• _What is required_: Copy the data that follows, character for character, minus the pictures.

• _Provided data_:
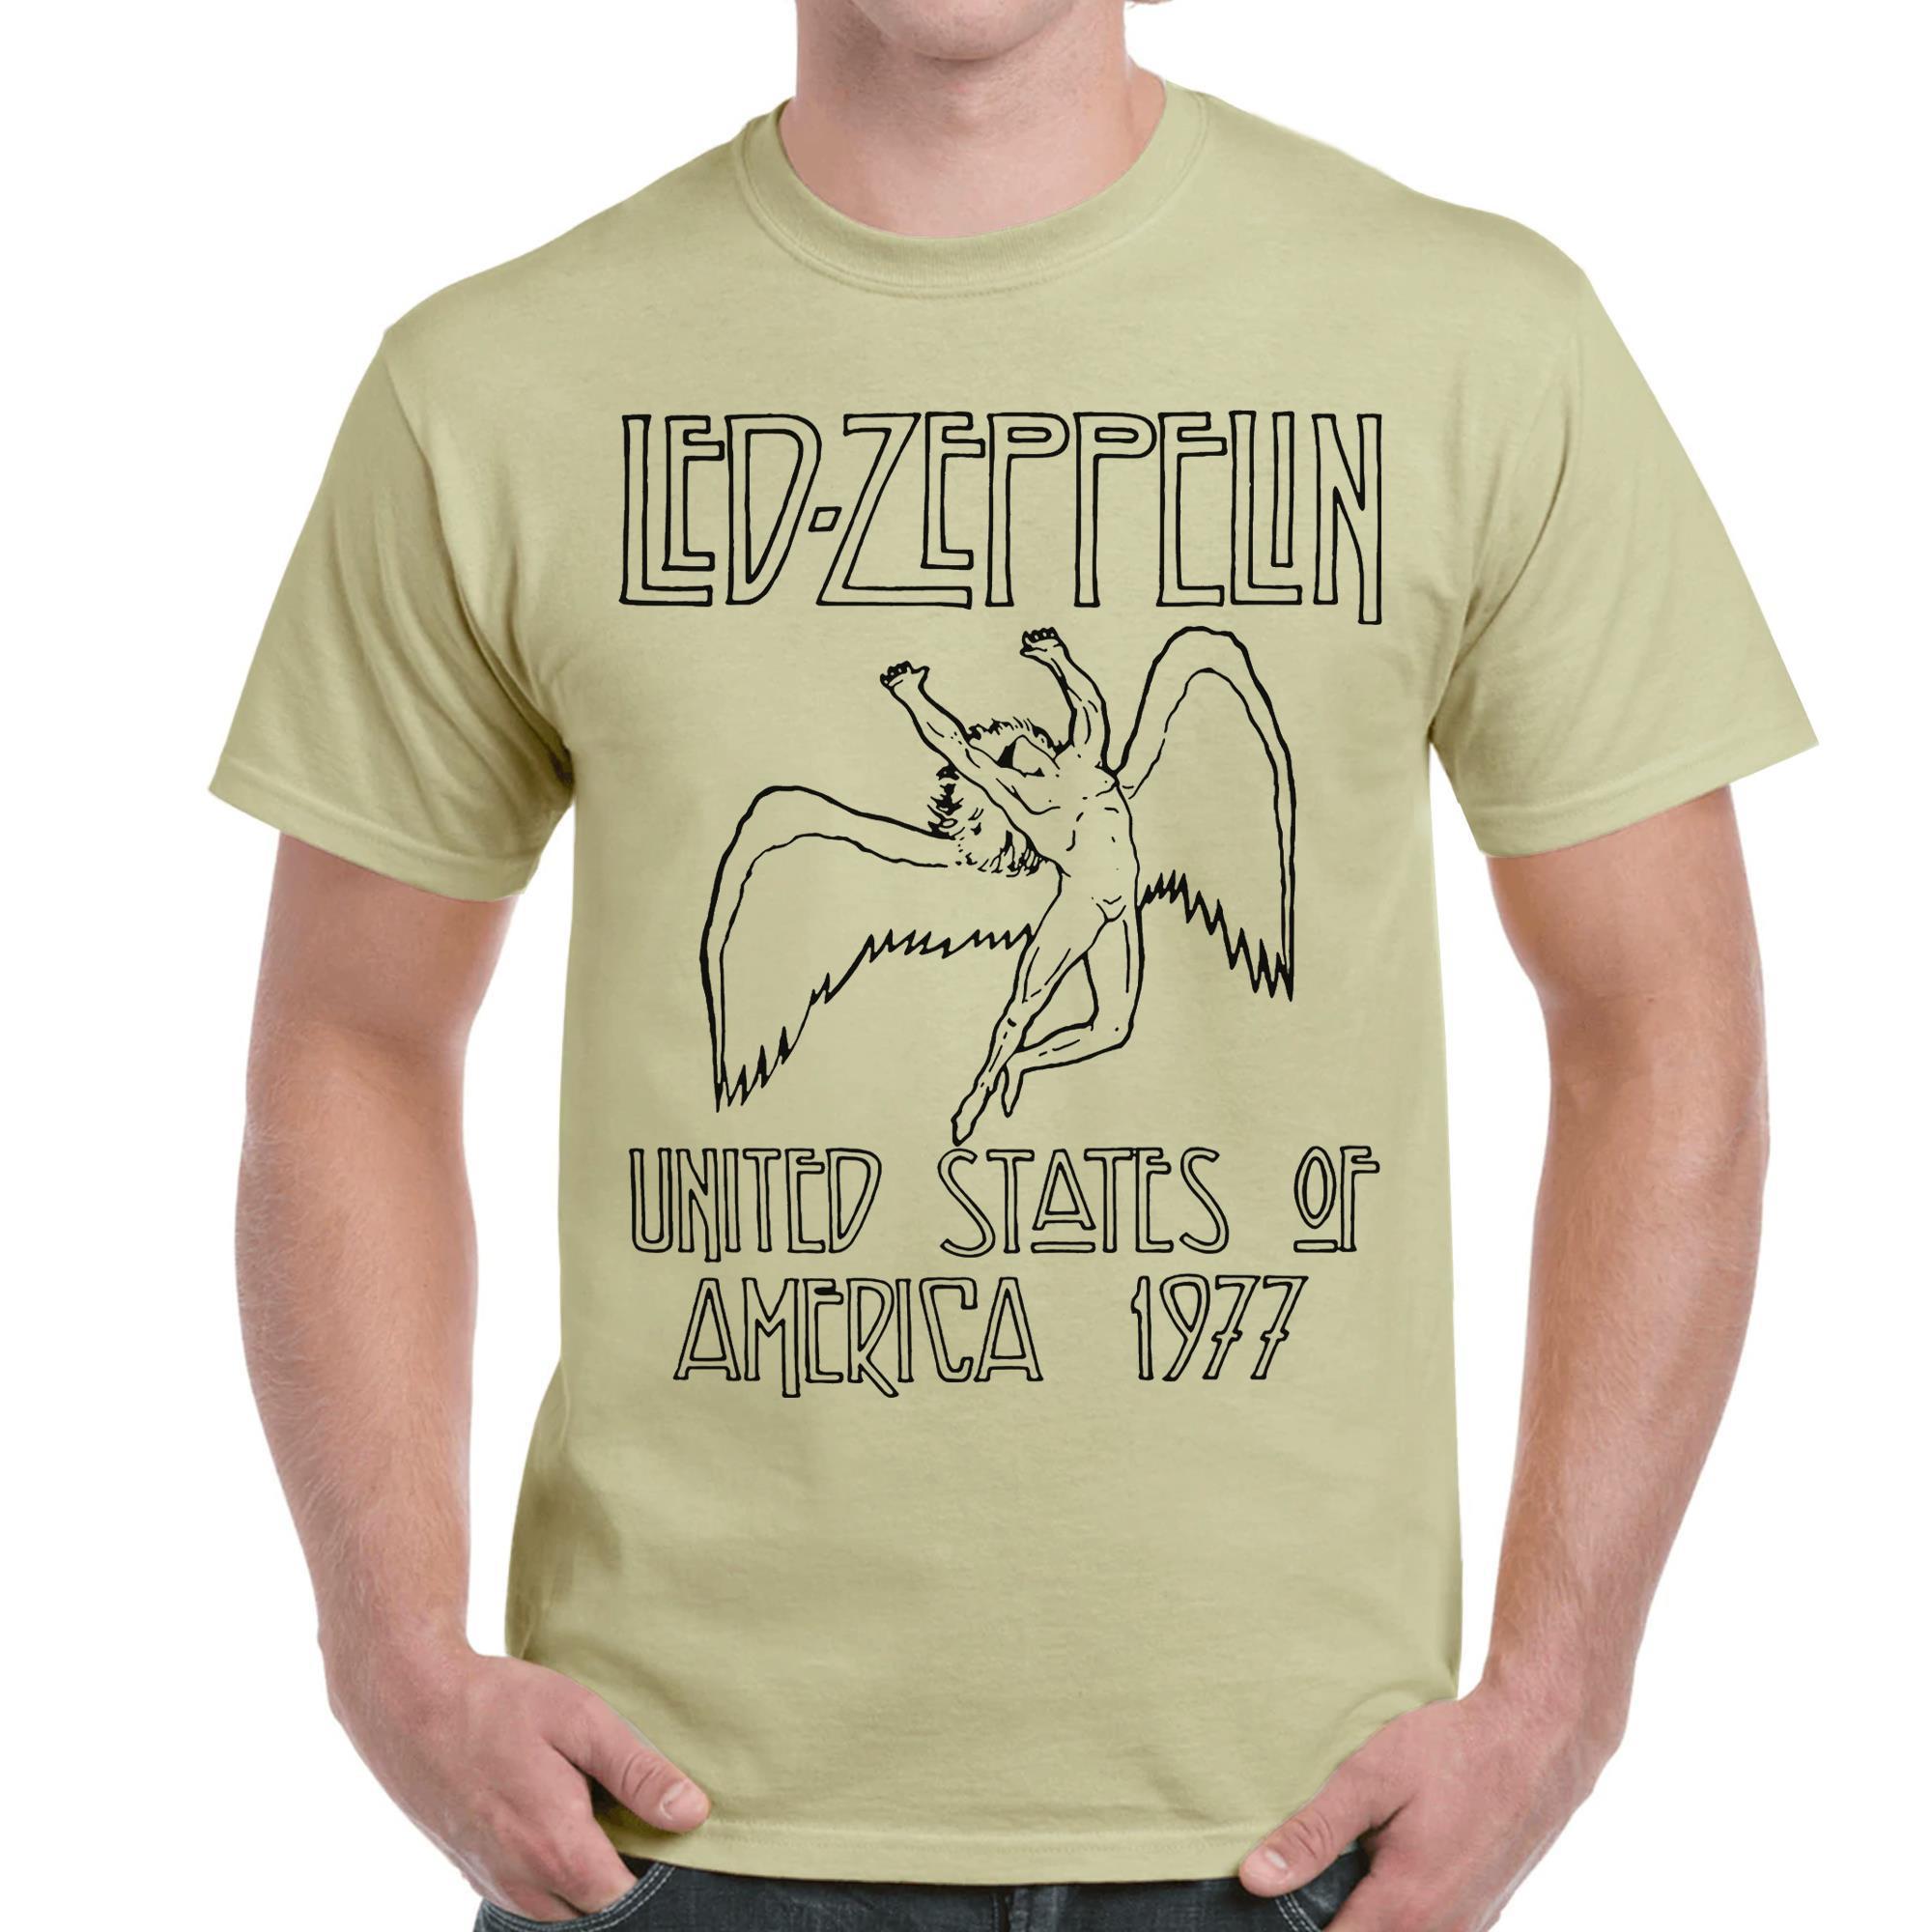 United States of America 1977 T-shirt
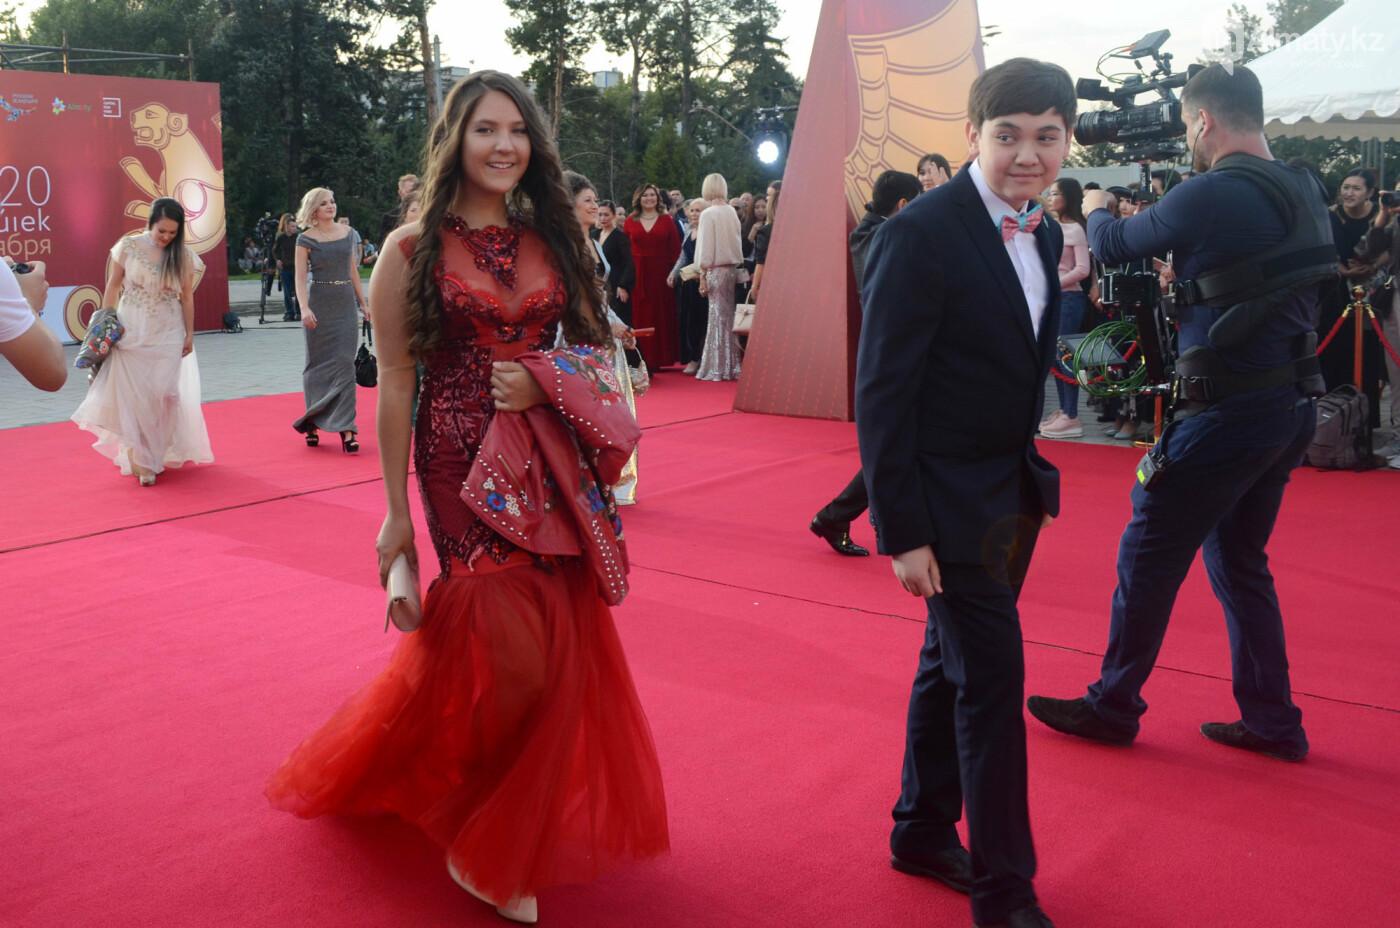 Второй Almaty Film Festival открылся фильмом «Тайна печати дракона» (фото), фото-4
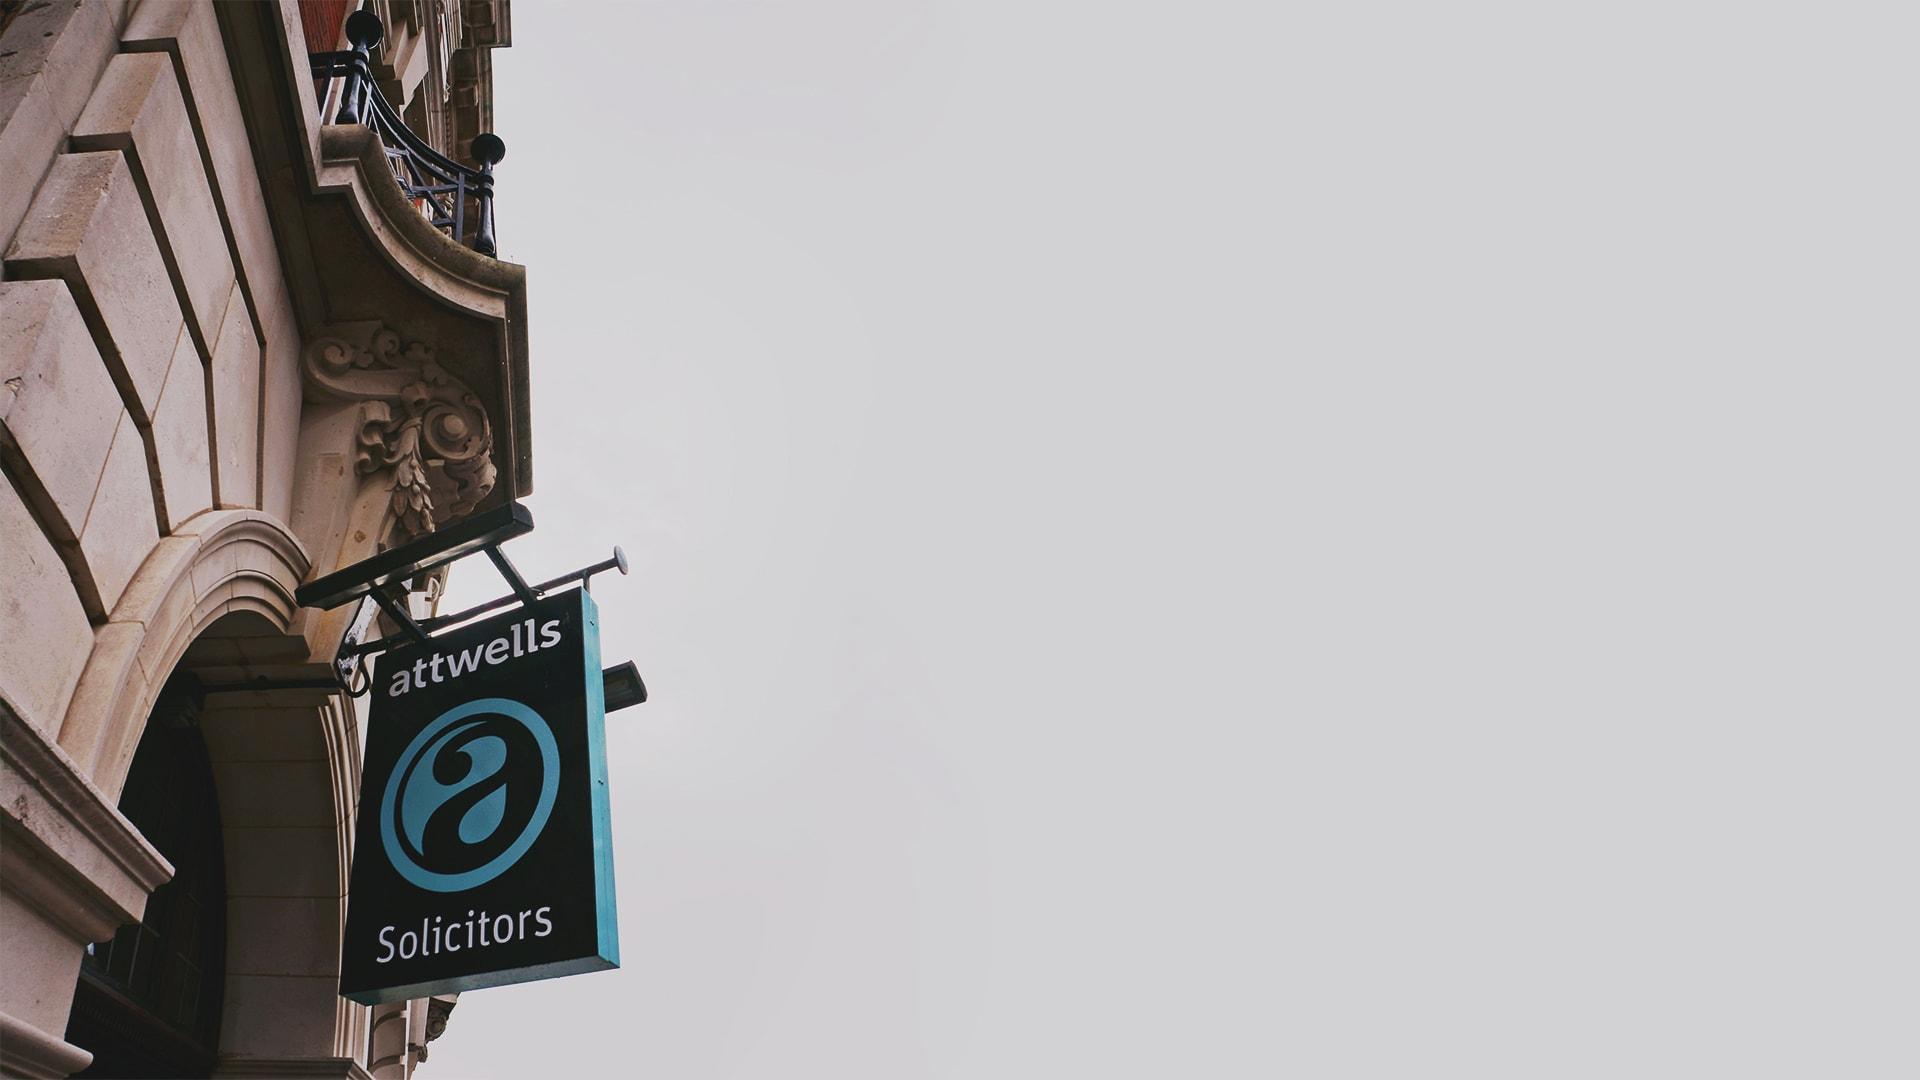 attwells signage

• _Exercise response_:
 United States of America 1977 T-shirt
 Второй Almaty Film Festival открылся фильмом «Тайна печати дракона» (фото), фото-4
 attwells signage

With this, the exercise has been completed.